• hendiadys •
hen-dai-ê-dis • Hear it!
Part of Speech: Noun, mass
Meaning: (Rhetoric) The expression of a single idea by two words connected by and, for instance nice and warm instead of a modifier-head phrase, such as nicely warm.
Notes: Here is the name of a rhetorical device we all commonly use. Examples include good and tired for "well tired", sound and fury for "furious sound", come and see (me) for "come to see (me)". This device is a form of emphasis; sound and fury is more emphatic than "furious sound". It is distinguished from genuine conjunction, as in "rich and famous", in that you cannot do without the pair.

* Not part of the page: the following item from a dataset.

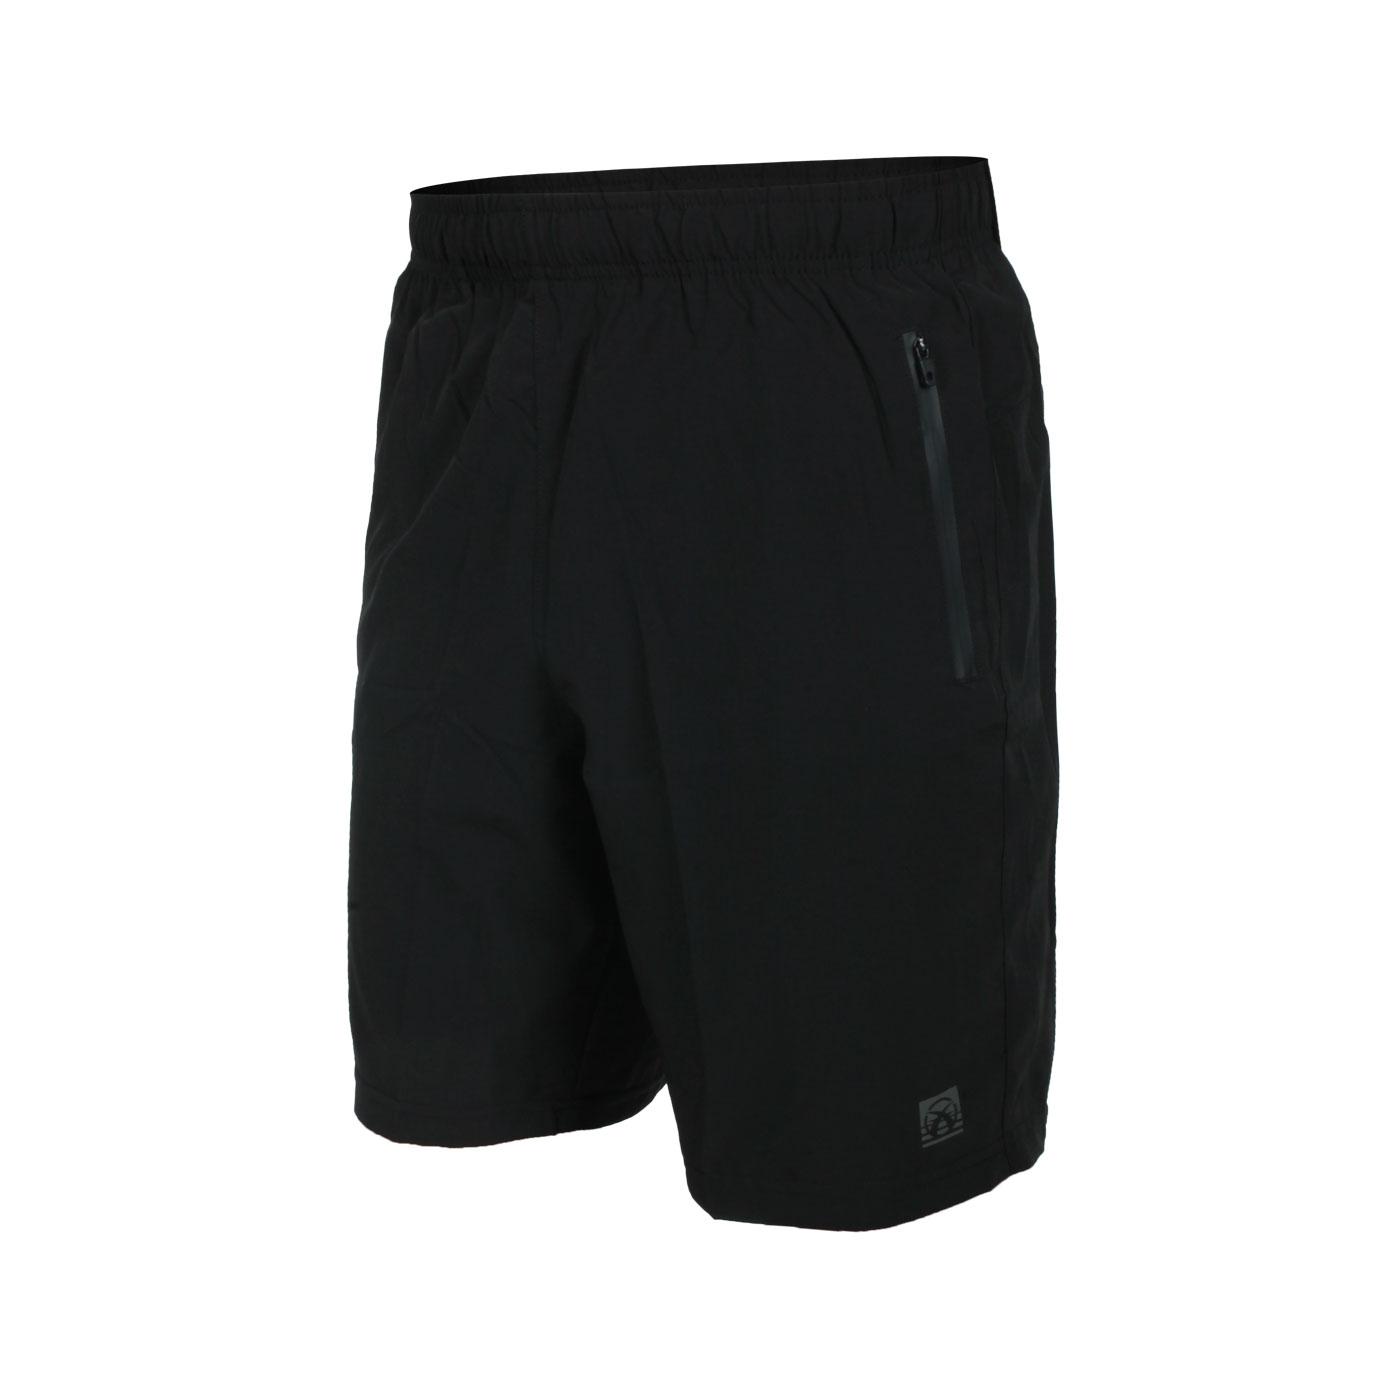 FIRESTAR 男款彈性平織短褲 C1718-10 - 黑銀

Thus someone rich and famous is both rich and famous, while someone who is nice and warm may not be nice.
In Play: Rather than examples using today's word, here are some examples of what this word refers to:
"I'll do it when I'm good and ready."
"Nice and easy does it."
"Our preacher warns us of fire and brimstone if we attend dances" (fiery brimstone). This preacher was an advocate of law and order, too (lawful order).
Word History: Today's word is a reduction of the Greek phrase hen dia duoin "one by means of two": hen "one" + dia "through, by means of" + duoin "(of) two". Hen seems to come from sem- "one, as one" in the Proto-Indo-European language. Initial [s] became [h] under certain circumstances in Greek. This same word became sempre "always" in Latin, as in the US Marines' motto, semper fidelis "always faithful". It became same in English and sam "self" in Russian, as in samovar "self-boiler" and samizdat "self-publishing". The Greek word for "two", duo, came from a PIE word that remained in all Indo-European langauges: Latin (and English) duo, English two, Russian dva, Hindi do, Sanskrit dve, German zwei (as in zweiback "twice baked"), French deux, Portuguese dois, Spanish dos, and Italian due.